Lastly, the Run. Fortunately the Run is played more quickly in-game, so there's no need to do the whole expanding-to-four-times-its-length thing this time. However, when you've got the animation ready, make it four times as long anyway. Say it's 15 frames long - make it 60 frames long. But this time, instead of stretching out the one animation over those 60 frames, copy and paste it three times - so you have the same animation repeated four times in total.

Now create a Wind Force object in front of the unit, blowing back at it. This is to blow the cloth back behind the character, as if he's running fast.

Now clothify the Draped Cloth object and run the cloth simulation as usual. The reason we repeated the animation four times was to find two frames fifteen frames apart that look sufficiently similar to look like smooth looping of the cloth.
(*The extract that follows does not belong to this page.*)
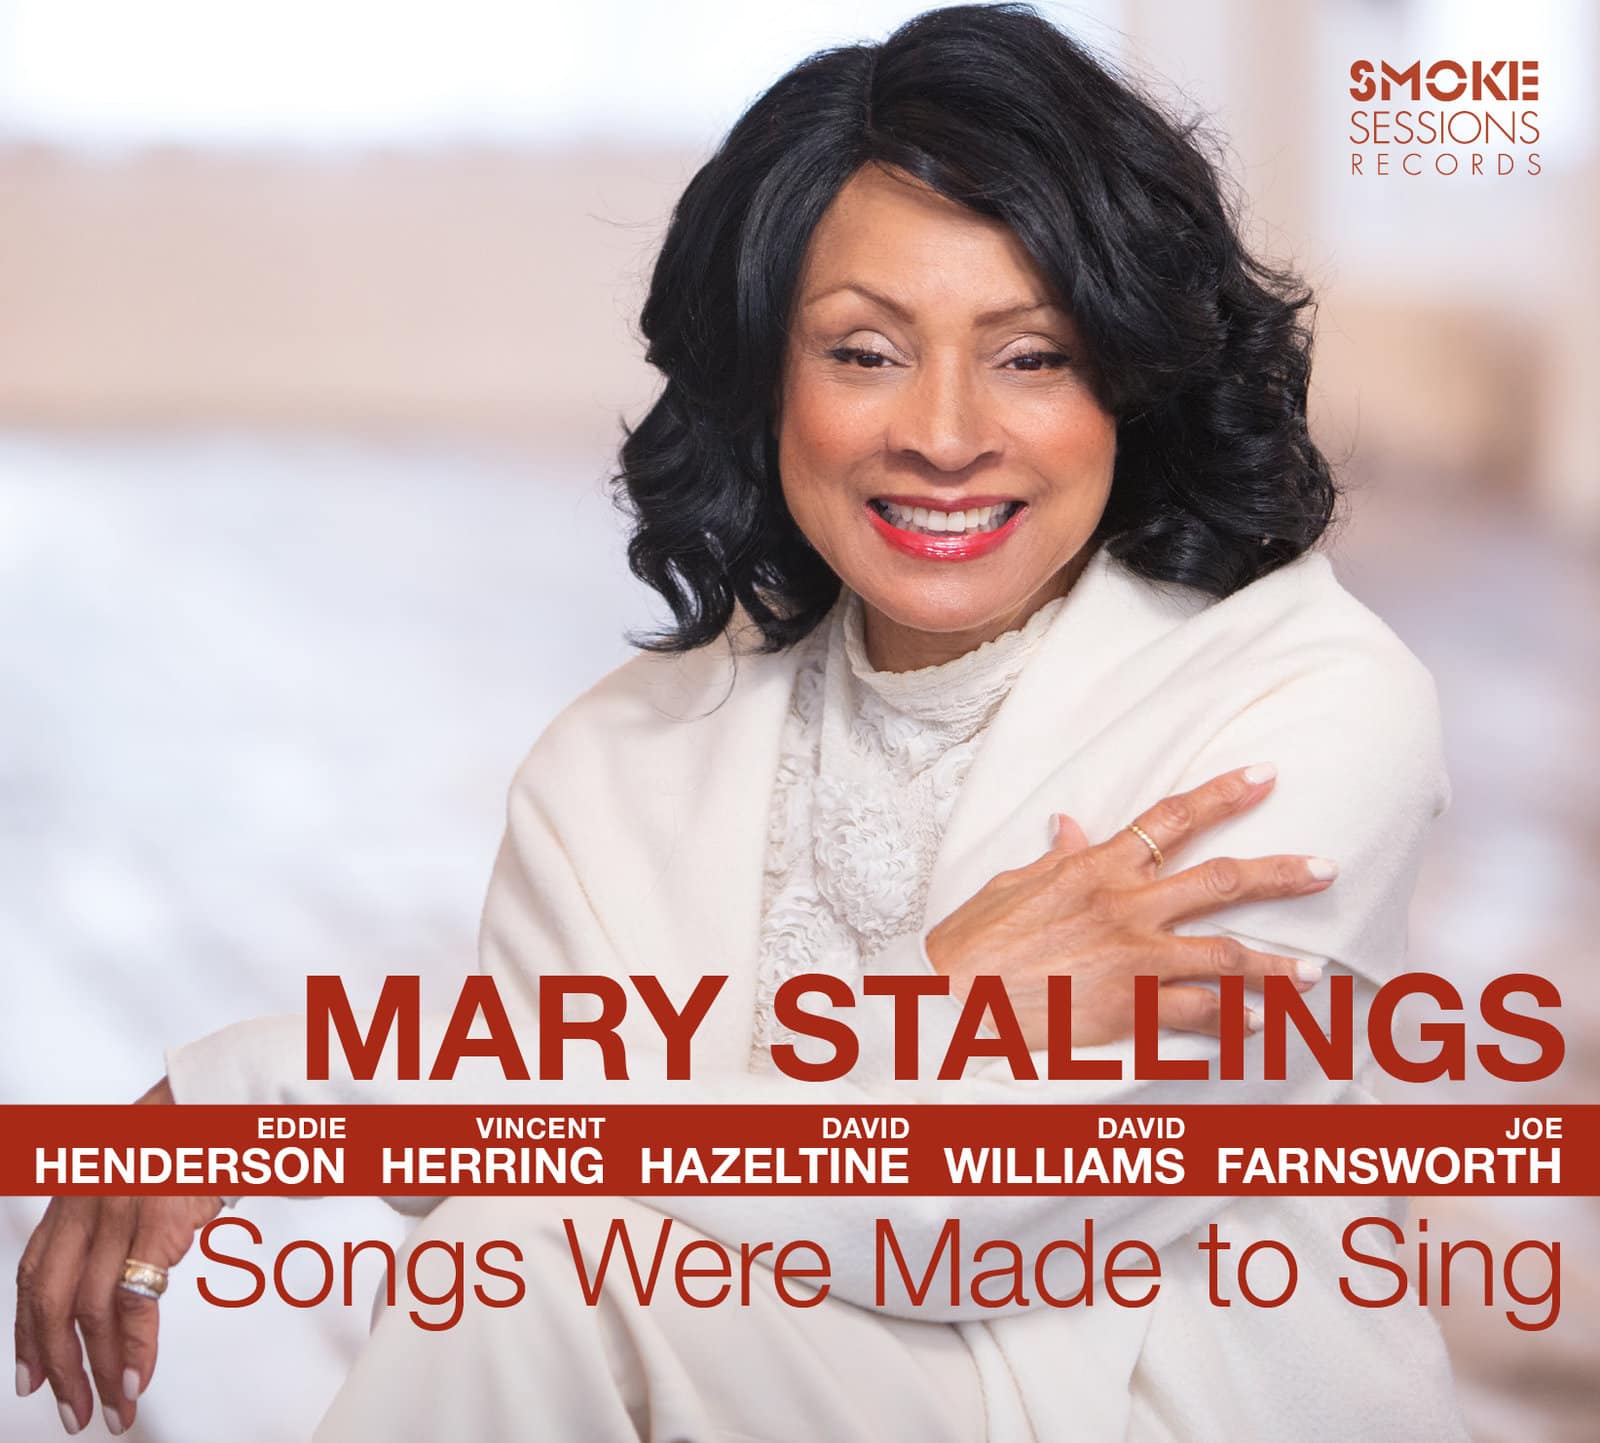 Image result for mary stallings songs were made to sing

It won't work with frames 1 and 15, but it may work with frames 16 and 30, or indeed with frames 23 and 38. You must just go through the animation and find the best match. When you've done that, render these frames and the ones in between.

For some units, for the Run you may find it more effective to use not the Draped Cloth object but your original cloth object (the one that you clothified to create the Draped Cloth object itself in the first place). If it's a Superman-style cape, I'd use the original cloth object. In that case you will probably need to create a Constrained Group on the object before doing the cloth simulation (as mentioned above) to stop it just blowing right off.

If it's more of a coat or cloak that wraps around the character, I'd use the Draped Cloth object.

Then you're done - at least with the rendering. You may find it necessary to do some postwork - that is, open up some of the frames in a paint program and manually alter the appearance of the cloth to ensure that it loops properly for some of the animations.

Have fun! Once you get the hang of it, it's not really very tricky - although it is time-consuming and tedious. But you can get some very nice effects this way.